ACTIVITY
Pictures in the entries below are excluded; copy only the lines from the one containing "Portrait of Indian" to the one containing "Dry chemical powder", both included.

RECORDS TO PROCESS
╭──
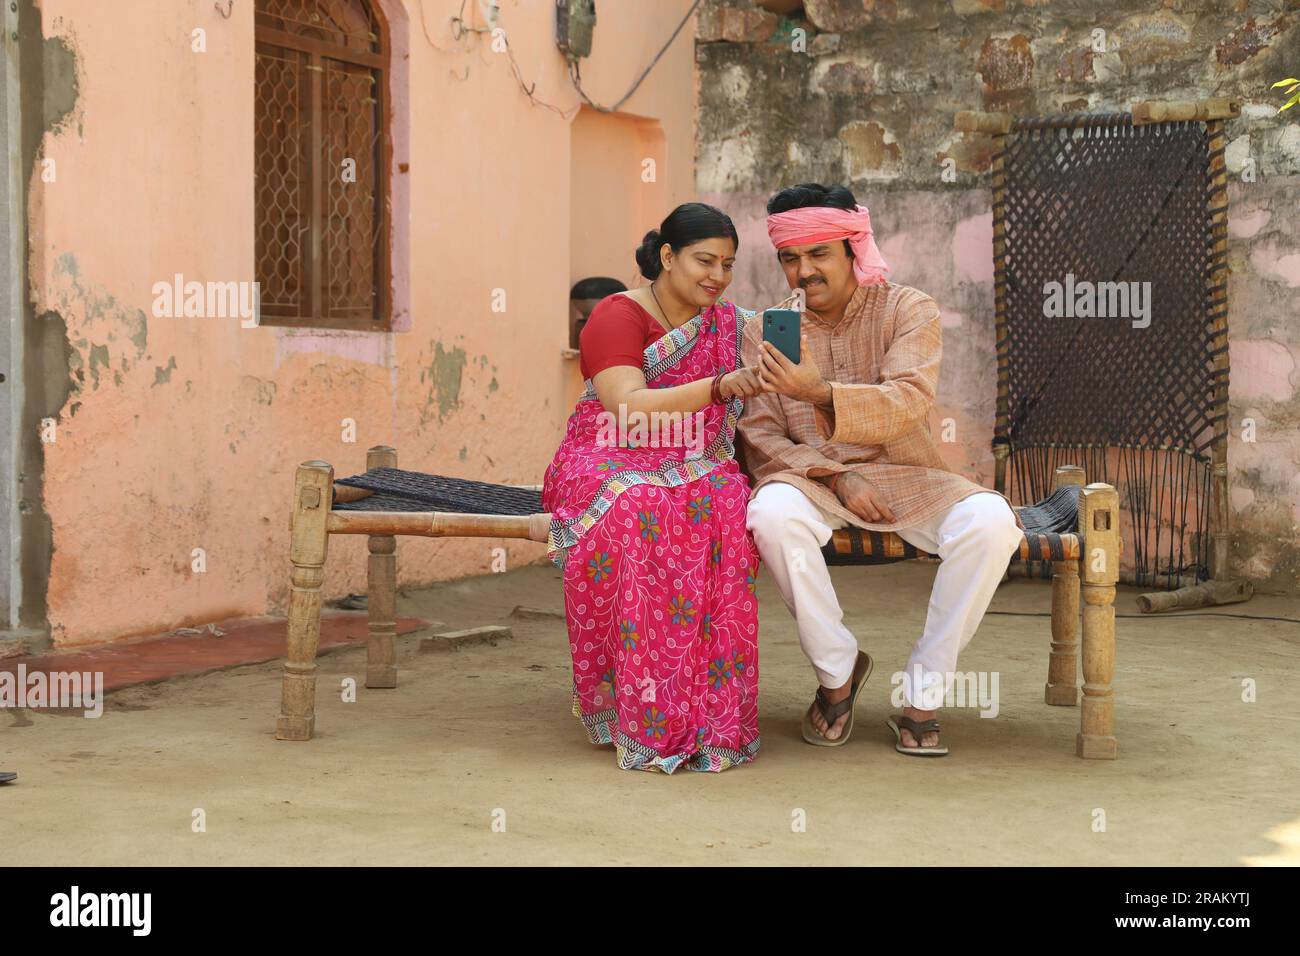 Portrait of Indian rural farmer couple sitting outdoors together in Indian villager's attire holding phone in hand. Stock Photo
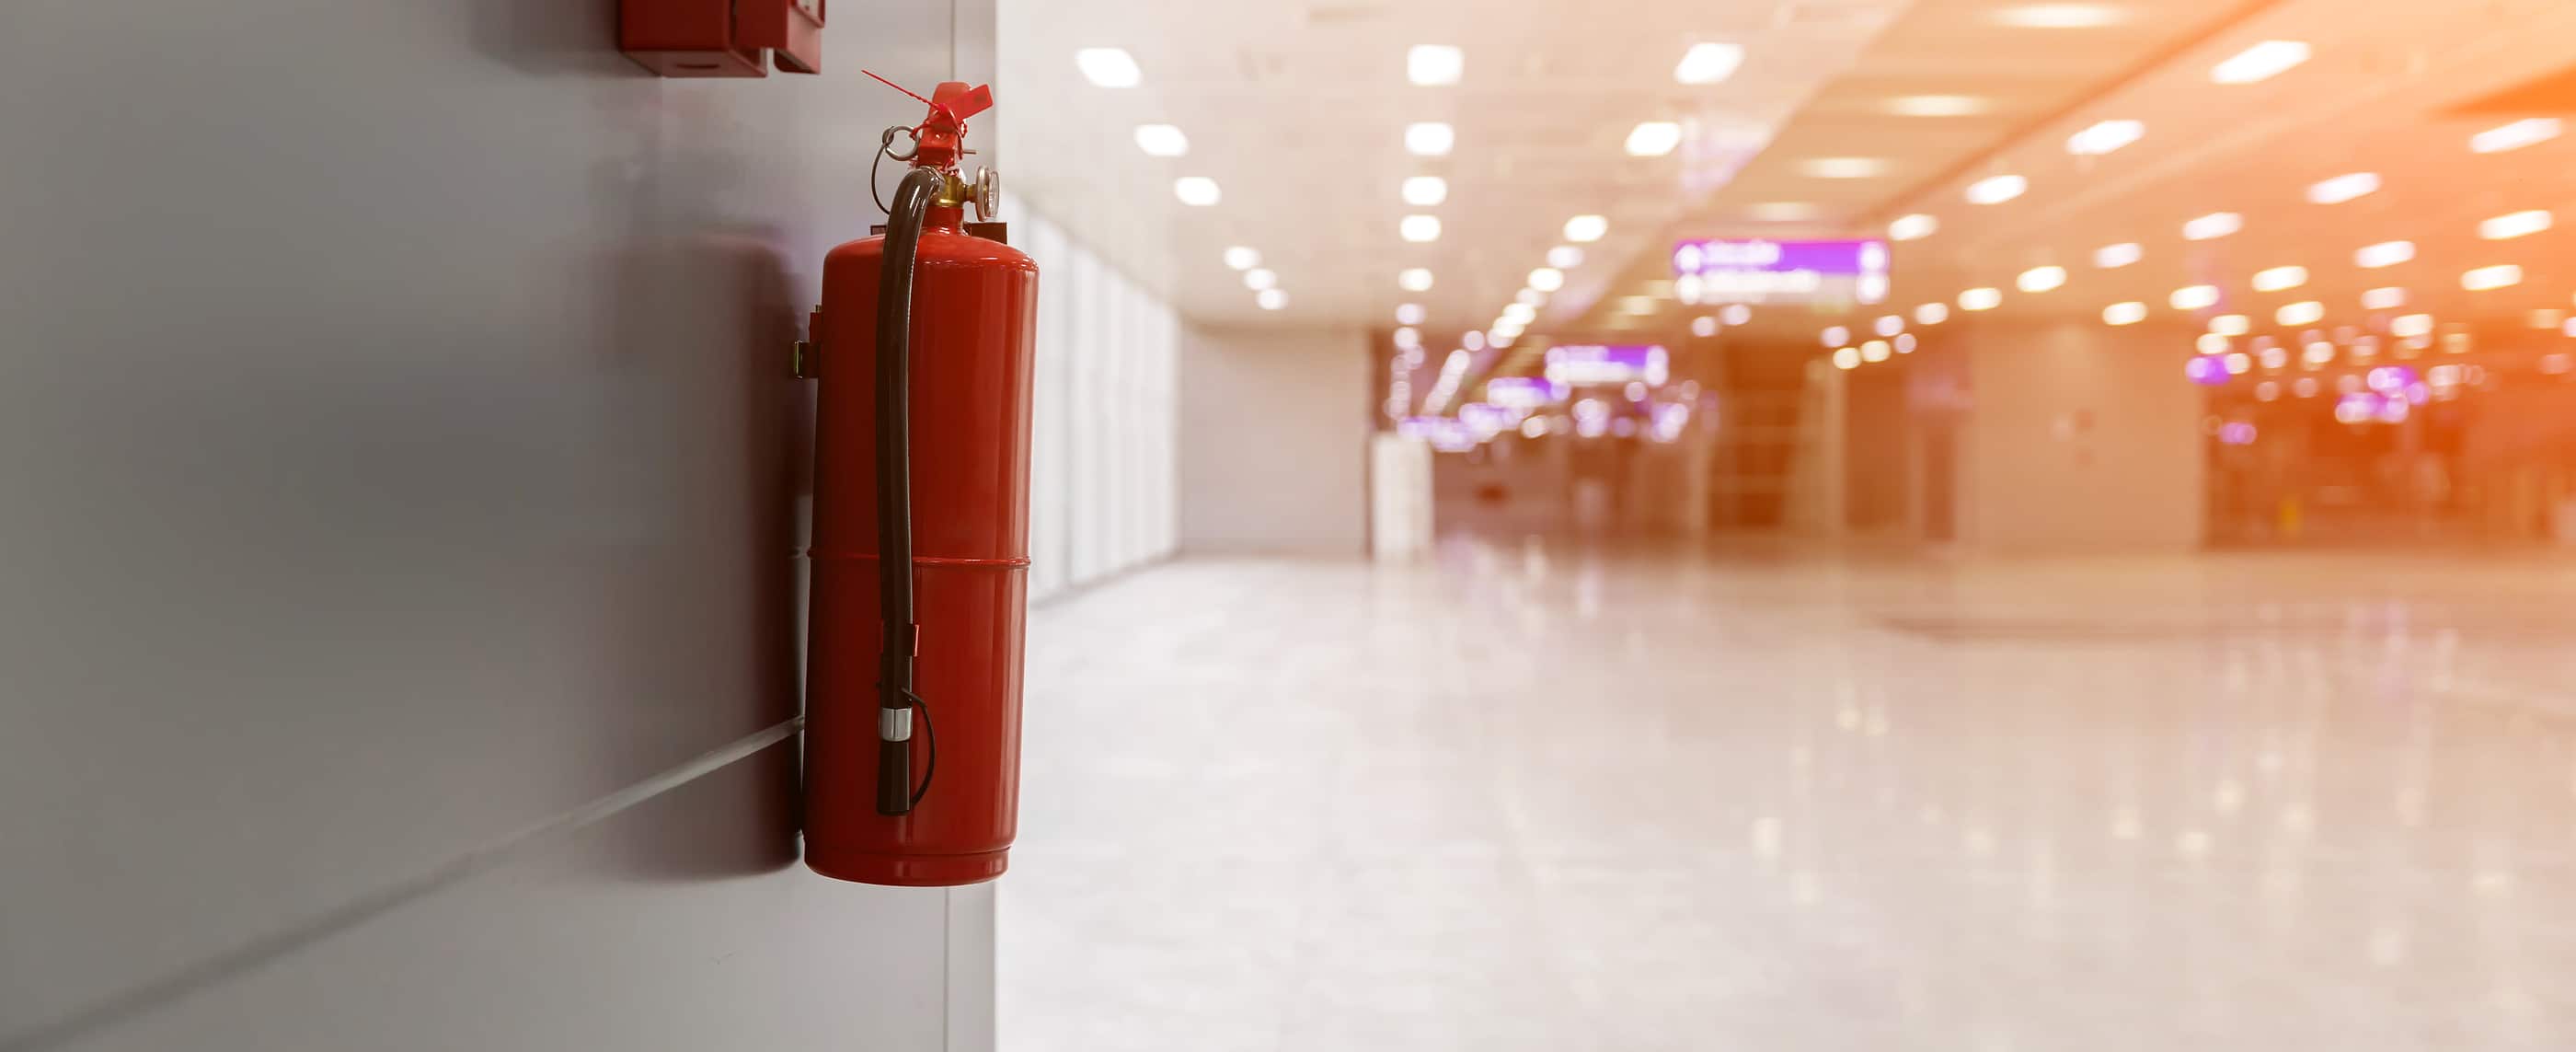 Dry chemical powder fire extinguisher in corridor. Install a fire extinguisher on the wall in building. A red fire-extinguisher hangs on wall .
╰──
╭──
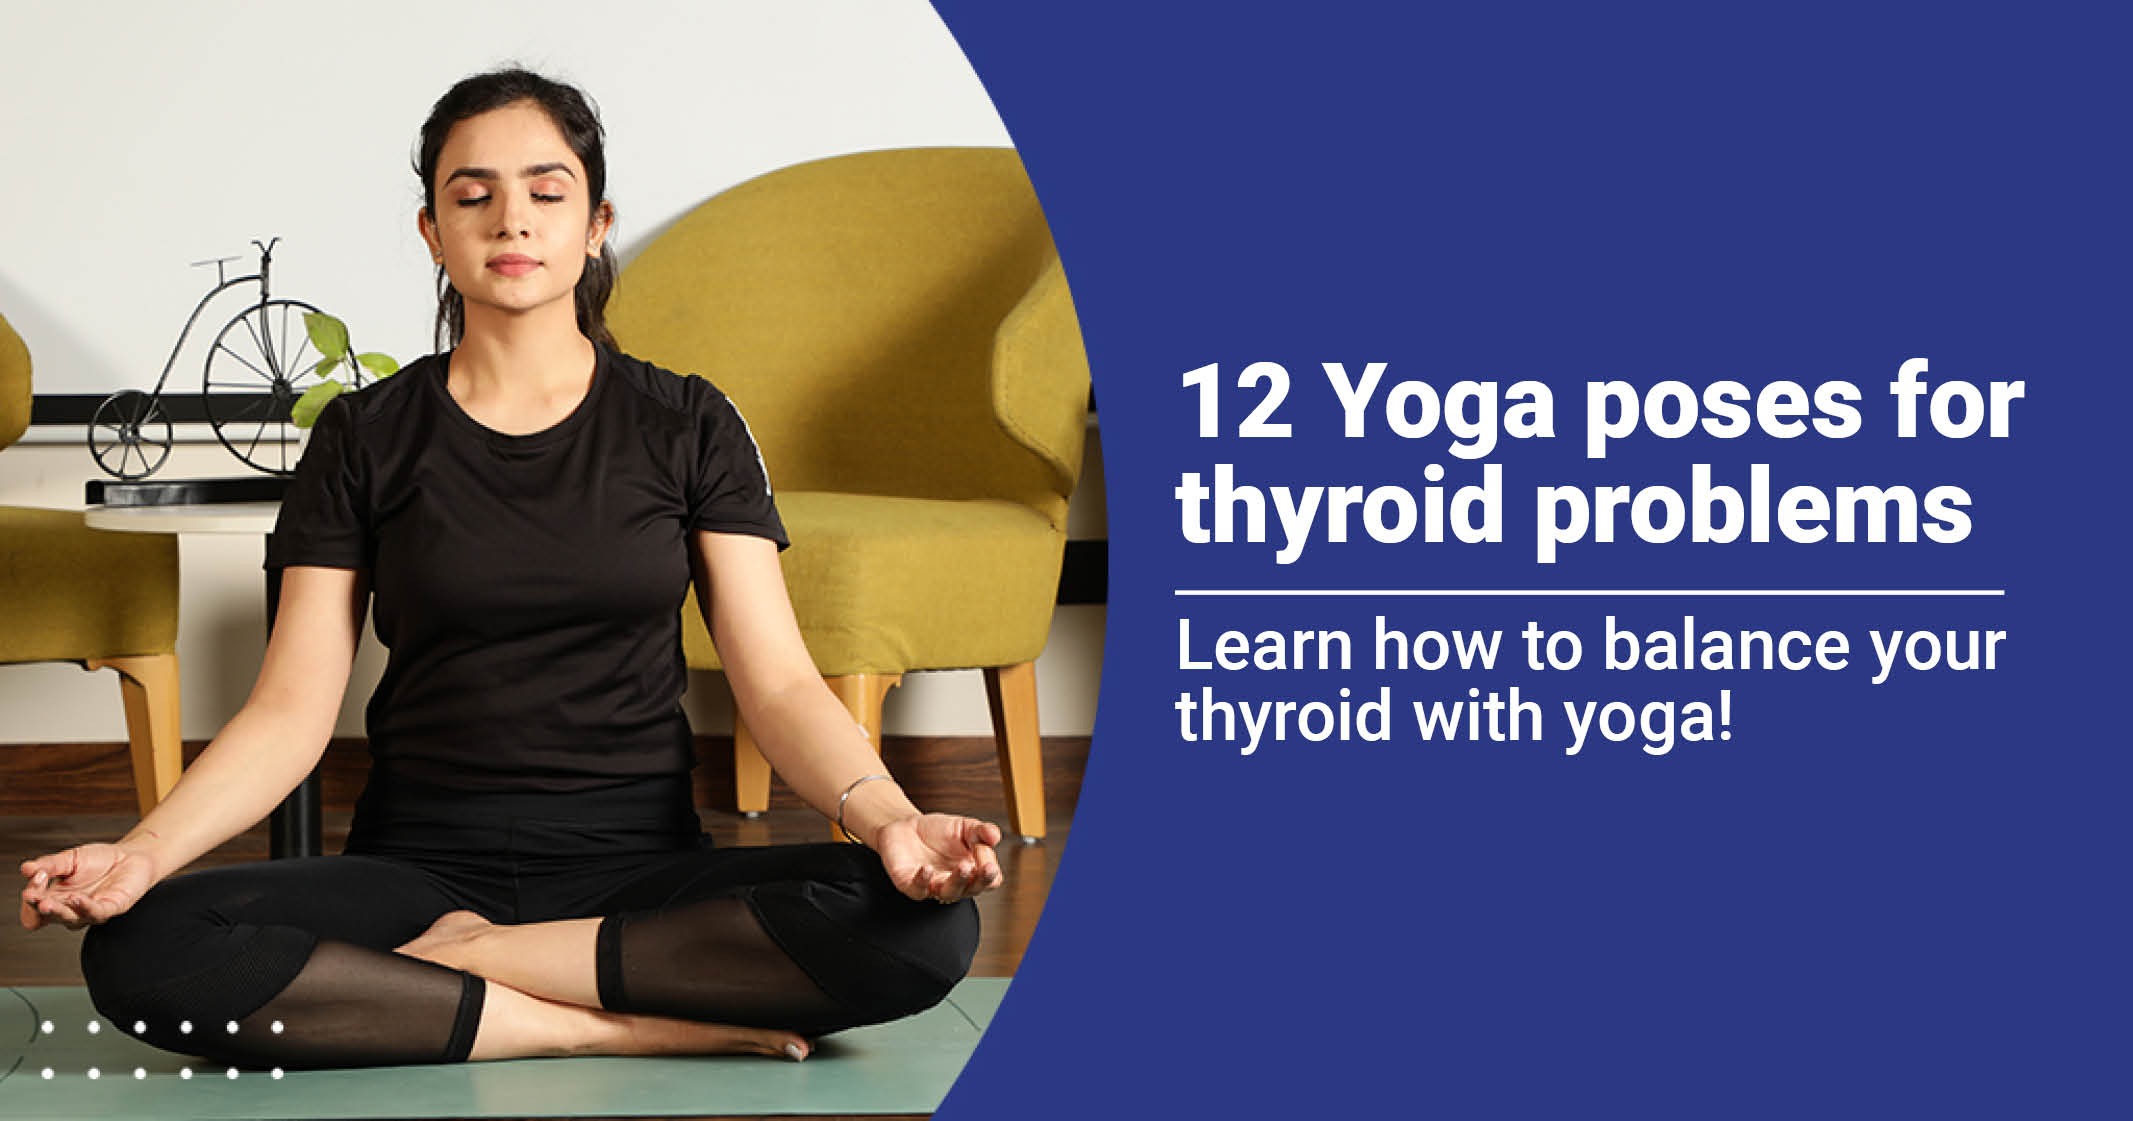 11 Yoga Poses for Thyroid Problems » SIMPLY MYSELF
╰──
╭──
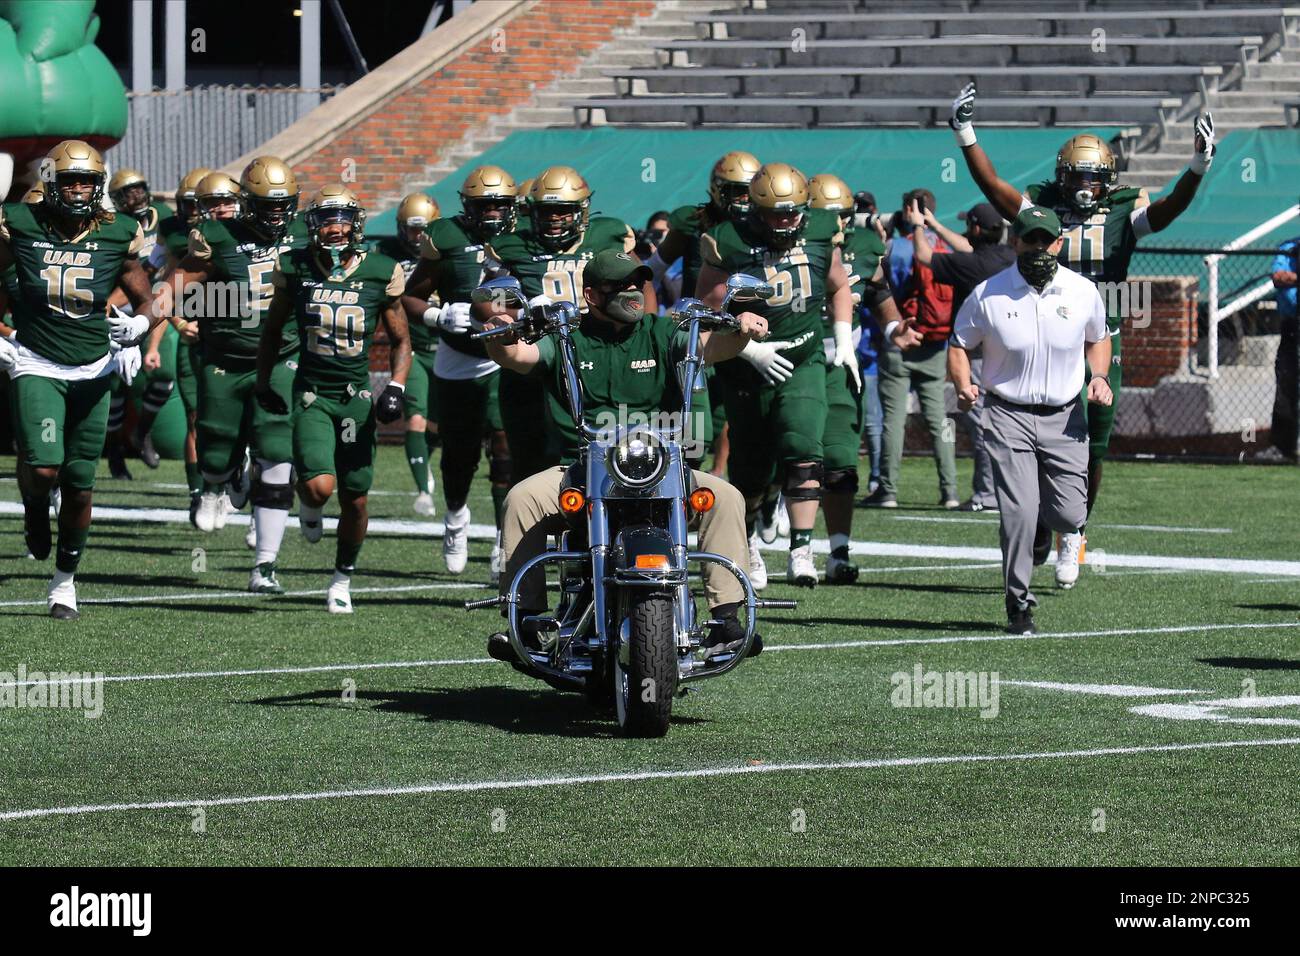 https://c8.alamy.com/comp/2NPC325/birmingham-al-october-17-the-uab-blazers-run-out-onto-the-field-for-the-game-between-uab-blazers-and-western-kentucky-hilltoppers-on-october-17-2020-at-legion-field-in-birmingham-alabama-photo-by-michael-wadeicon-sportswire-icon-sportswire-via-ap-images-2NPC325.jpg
╰──
REPLY
 Portrait of Indian rural farmer couple sitting outdoors together in Indian villager's attire holding phone in hand. Stock Photo
 Dry chemical powder fire extinguisher in corridor. Install a fire extinguisher on the wall in building. A red fire-extinguisher hangs on wall .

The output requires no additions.